To his mother and Calhoun he wrote that he was happy at his new digs, high in “territorio libre.” Plenty of food, pleasant sleeping at night, and among friends, so I’m quite content. Just hope that this crap gets done with in the near future. Got a real terrible hankering for an ice-cold beer. Once the shooting stops, I’ll likely be able to return to the U.S. for another visit, but I won’t know for sure until later. All’s well! Much love, J.

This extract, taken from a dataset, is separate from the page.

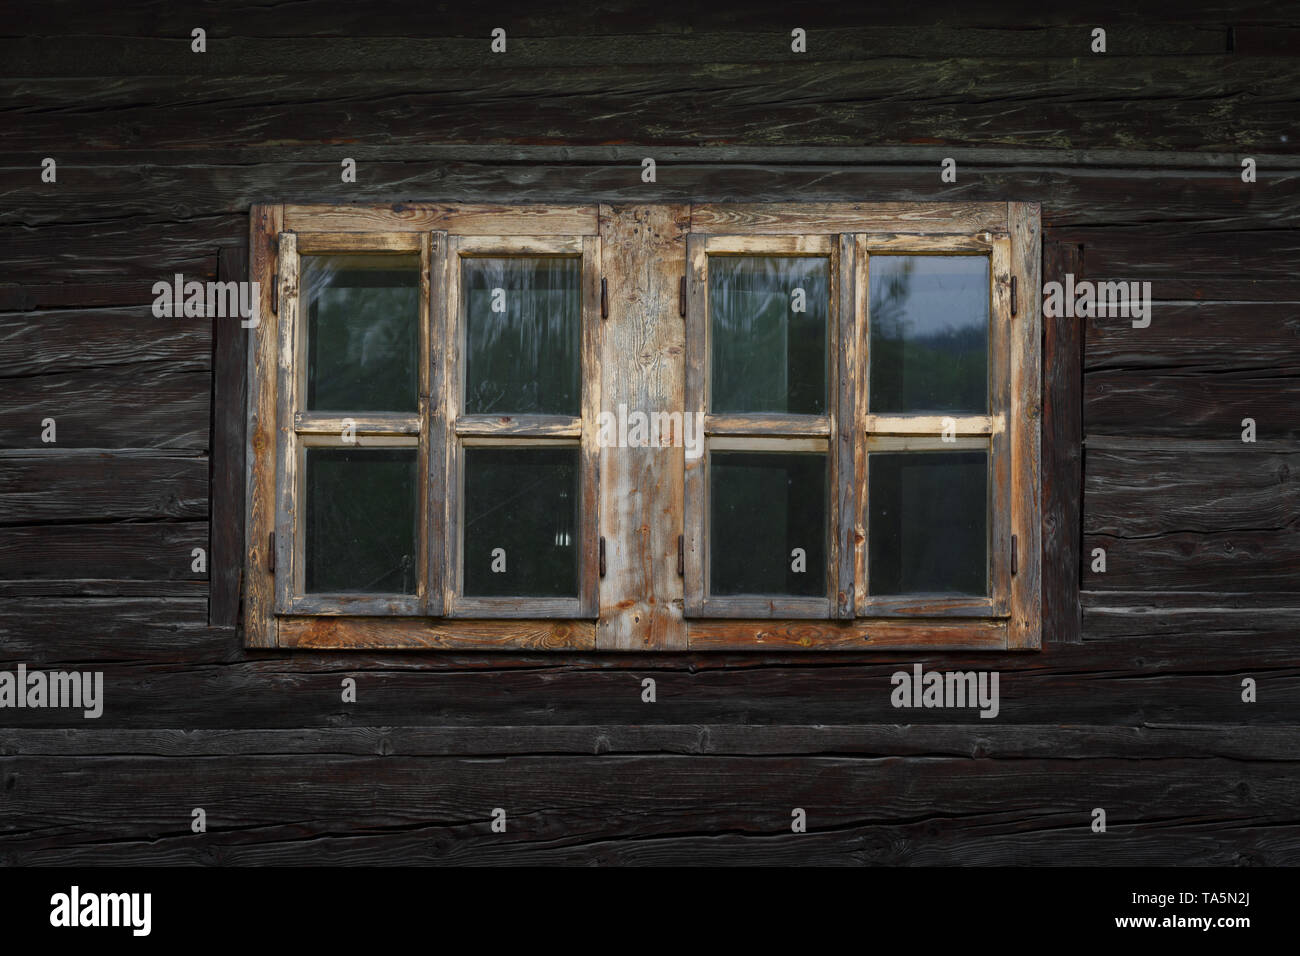 Traditional log cabin in Orava region, Slovakia. - Stock Image

In the days that followed, the guerrillas based in La Guacamaya and the narrow valley of the Río Sapo launched an attack on the village of Villa El Rosario, and briefly occupied it, holding off an army counterattack, and during this time Joe’s two letters home remained in a tin box in the rebel camp, unmailed, until finally there were a few days of calm and one of the local peasants sympathetic to the cause received the order to carry a small stack of letters to a post office distant from rebel territory. The courier walked and took buses for three days and sixty kilometers to the town of Santa Rosa de Lima, in the department of La Unión, where she purchased stamps and deposited the letters in three different mailboxes over the course of two days. These delays and peregrinations meant that Joe’s letters, which he had finished writing on April 12, 1981, did not reach the post office at Santa Rosa de Lima until April 27. They were postmarked there, on that day. The one addressed to Virginia and Calhoun arrived at the Clark-Lindsay retirement village in Urbana on May 6.